Other ultrasonic probes' heat dissipation schemes are to regularly insert some heat sinks or heat sink arrays in the backing material along the probe normal direction. Although this solution can make the heat sink close to the center of the probe's heat source, the thicker these heat sinks will greatly affect the probe's acoustics, and the thinner heat dissipation effect is limited. It is difficult to combine both probe performance and heat dissipation.

Summary of the Invention

In one embodiment, an ultrasound probe is provided, which comprises an acoustic window, a matching layer, a piezoelectric layer, a circuit board, a backing block, and a probe housing, the acoustic window, the matching layer, the pressure The electrical layer, the circuit board, and the backing block are connected in sequence. The ultrasound probe further includes a first heat dissipation element provided inside the backing block, and the first heat dissipation element is parallel to the upper surface of the backing block. .

In one embodiment, a plurality of the first heat dissipation elements are provided inside the backing block.

In one embodiment, the backing block further includes a lower surface opposite to the upper surface, and the plurality of first heat dissipation elements are parallel to each other and are sequentially arranged in a direction from the upper surface to the lower surface, wherein An interval between the first heat radiating elements adjacent to the lower surface is larger than an interval between the first heat radiating elements adjacent to the upper surface.

In one embodiment, the first heat dissipation element is a metal foil or a flexible graphite film.

In one embodiment, the thickness of the first heat dissipating element is not greater than 500 microns, or the thickness of the first heat dissipating element is not greater than 25 microns.

In one embodiment, the acoustic impedance of the first heat dissipation element is equal to the acoustic impedance of the backing block, or the difference between the acoustic impedance of the first heat dissipation element and the acoustic impedance of the backing block is less than 1 trillion Swiss. Profit.

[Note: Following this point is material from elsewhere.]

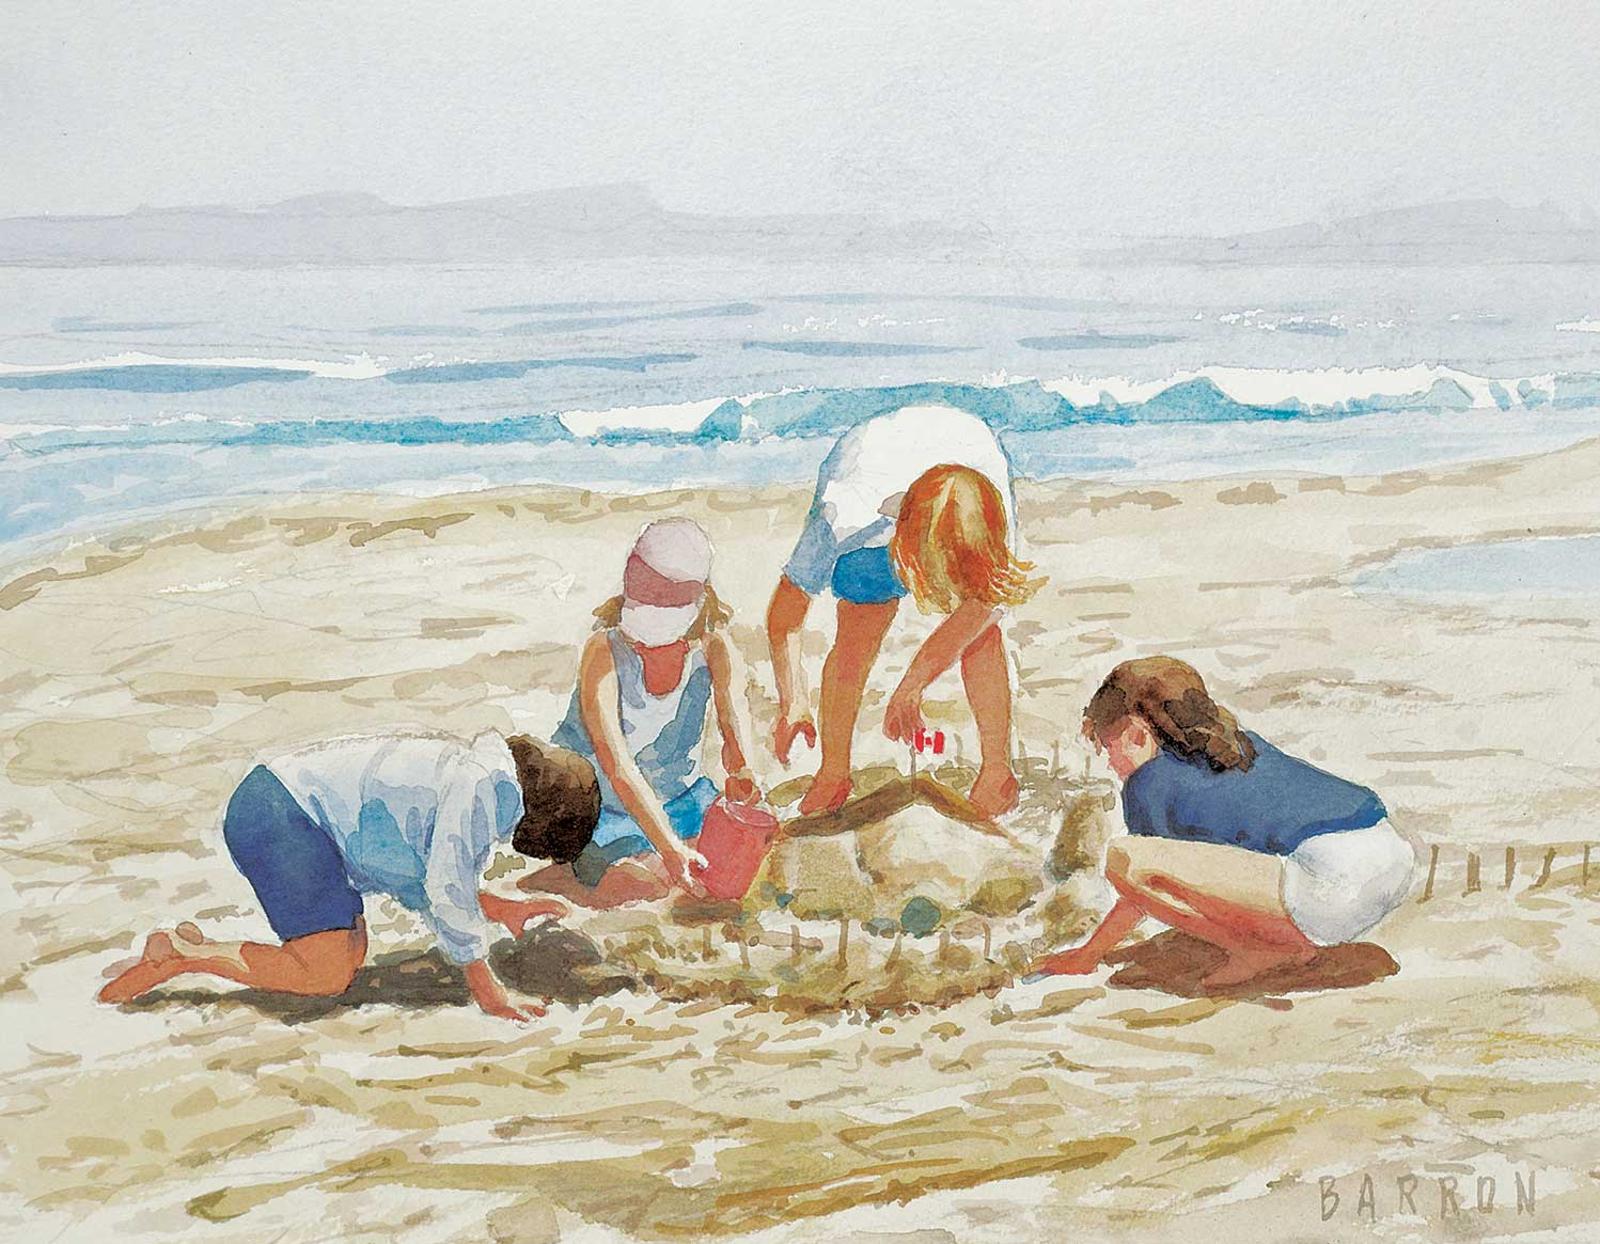 Barron - Untitled - On the Beach
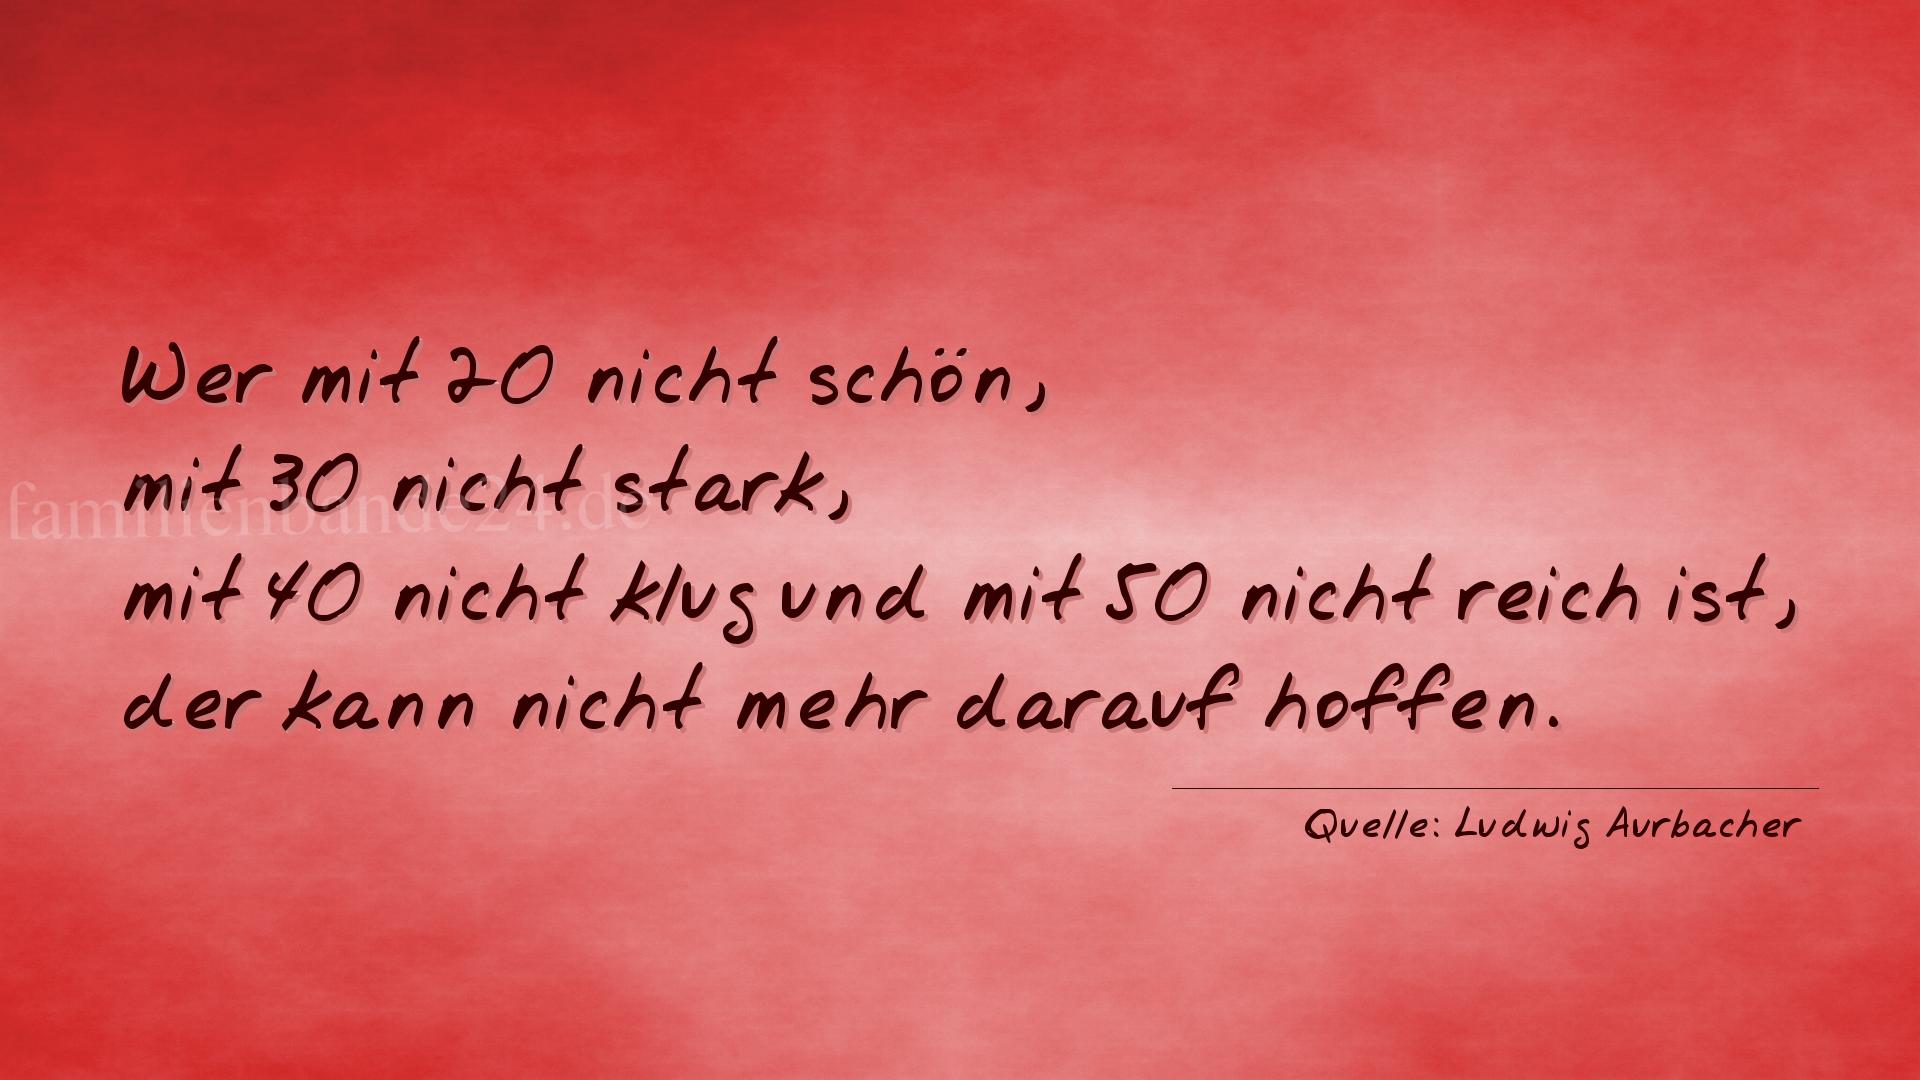 Thumbnail  zu Aphorismus  No. 1228  (von Ludwig Aurbacher)

In one embodiment, a second heat dissipation element is further provided inside the backing block, and the second heat dissipation element intersects the first heat dissipation element.

In one embodiment, the second heat dissipation element is perpendicular to the first heat dissipation element.

In one embodiment, a plurality of the second heat dissipation elements are provided inside the backing block.

In one embodiment, a plurality of the second heat dissipation elements are parallel to each other.

In one embodiment, the second heat dissipation element is a metal foil or a flexible graphite film.

In one embodiment, the thickness of the second heat dissipating element is not more than 500 microns, or the thickness of the second heat dissipating element is not greater than 25 microns.

In one embodiment, the acoustic impedance of the second heat dissipation element is equal to the acoustic impedance of the backing block, or the difference between the acoustic impedance of the second heat dissipation element and the acoustic impedance of the backing block is less than 1 trillion Swiss. Profit.

In one embodiment, the backing block includes at least one side surface, the first heat dissipation element protrudes from at least one of the side surfaces of the backing block, and the side surface of the backing block is adhered to a heat dissipation side plate, The heat dissipation side plate is in contact with the first heat dissipation element.

In one embodiment, the backing block further includes at least one side surface, and a third heat dissipation element is adhered to the side surface of the backing block, and the third heat dissipation element is integrally formed with or connected to the first heat dissipation element.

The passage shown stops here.